▶ _Work order_
Lines to restate from the data below: from the one containing "FLEURY MICHON Lasagnes" to the one containing "Мазь Иганержинг. Крем", both included. Give them again exactly, and only them.

──────── Data records

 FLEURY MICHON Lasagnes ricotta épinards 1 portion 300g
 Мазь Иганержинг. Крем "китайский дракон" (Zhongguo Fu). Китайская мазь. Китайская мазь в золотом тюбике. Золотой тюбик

────────────────
──────── Data records

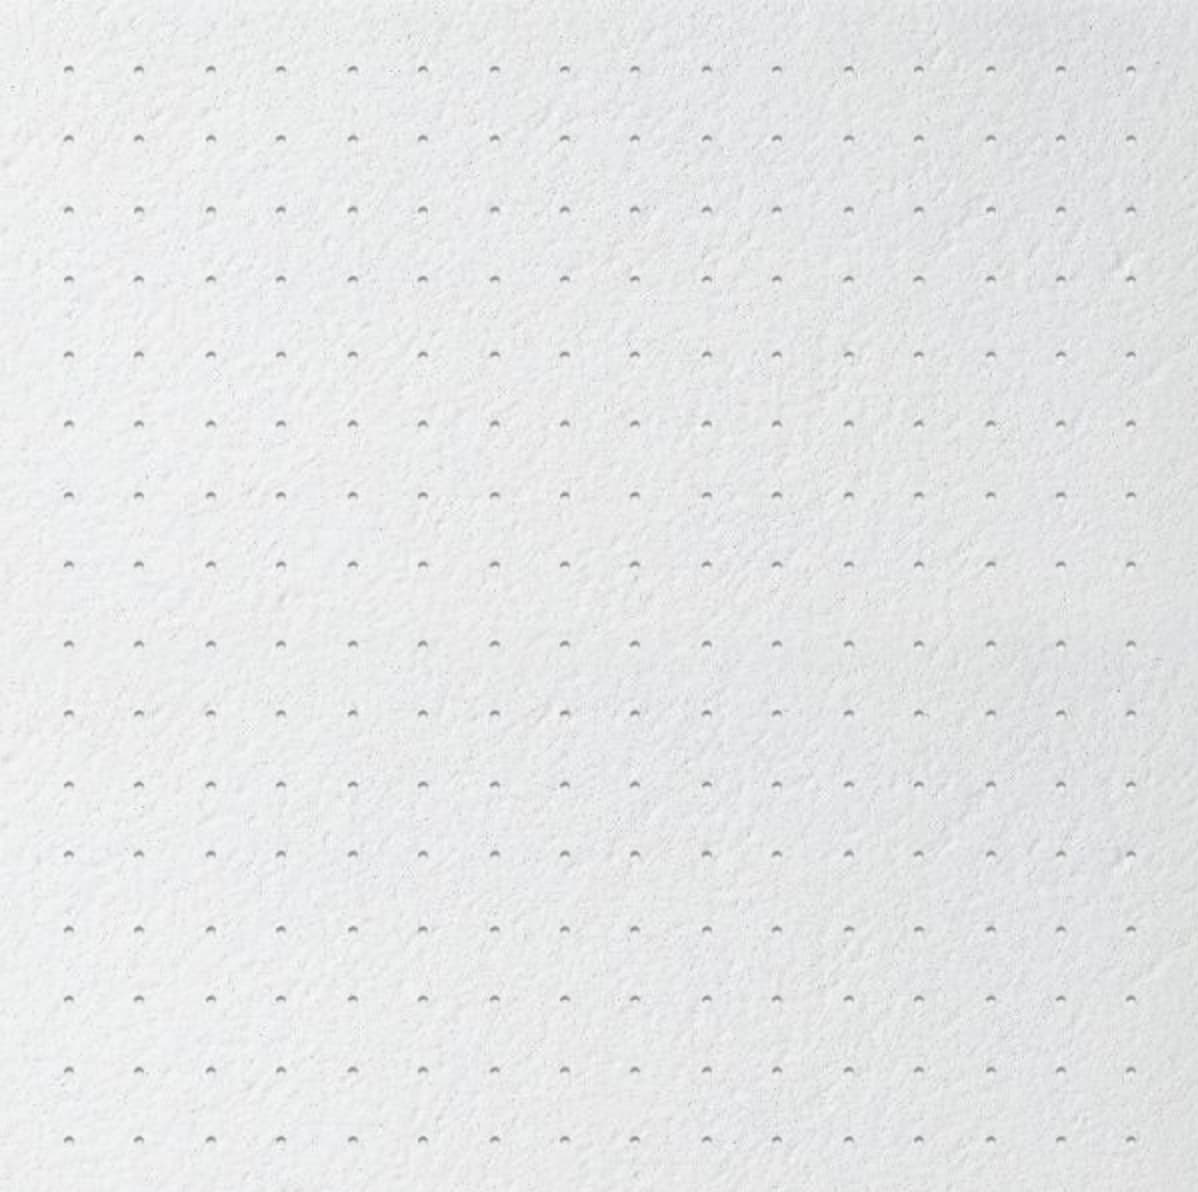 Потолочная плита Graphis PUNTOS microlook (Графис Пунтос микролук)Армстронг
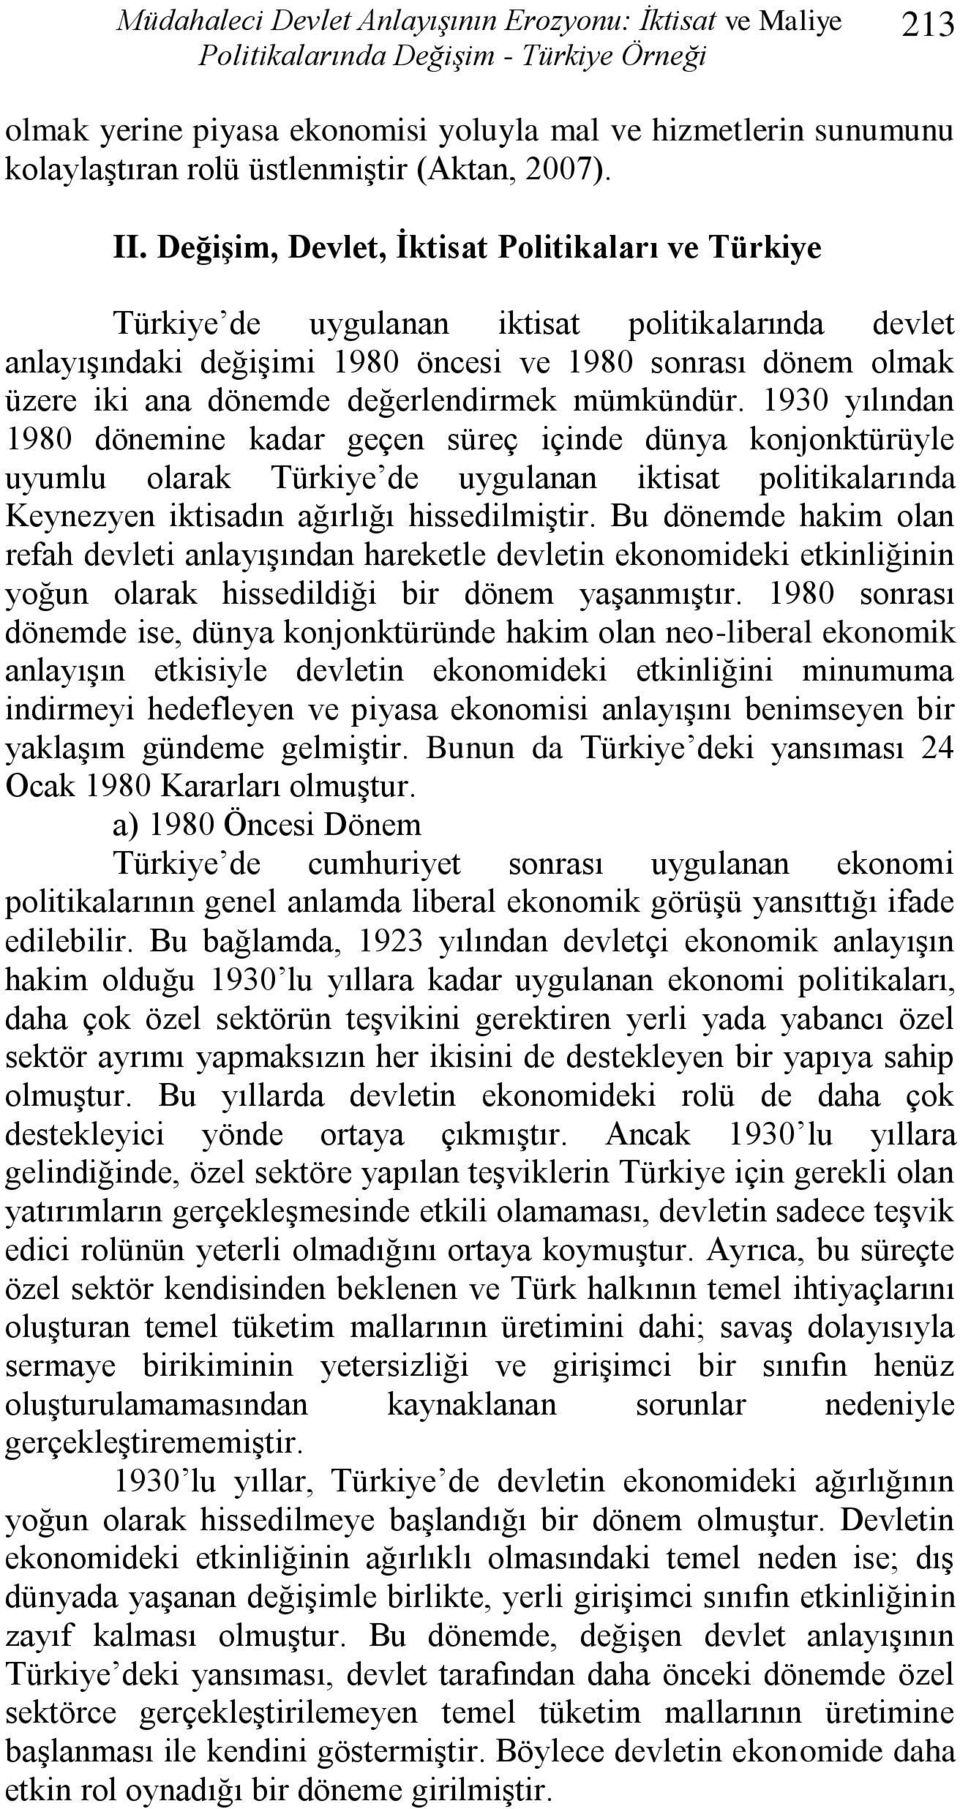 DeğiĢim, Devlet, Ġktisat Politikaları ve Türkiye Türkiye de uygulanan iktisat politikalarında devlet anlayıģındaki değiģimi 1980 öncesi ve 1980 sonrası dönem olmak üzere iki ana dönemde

────────────────

▶ _Answer to the exercise_
 FLEURY MICHON Lasagnes ricotta épinards 1 portion 300g
 Мазь Иганержинг. Крем "китайский дракон" (Zhongguo Fu). Китайская мазь. Китайская мазь в золотом тюбике. Золотой тюбик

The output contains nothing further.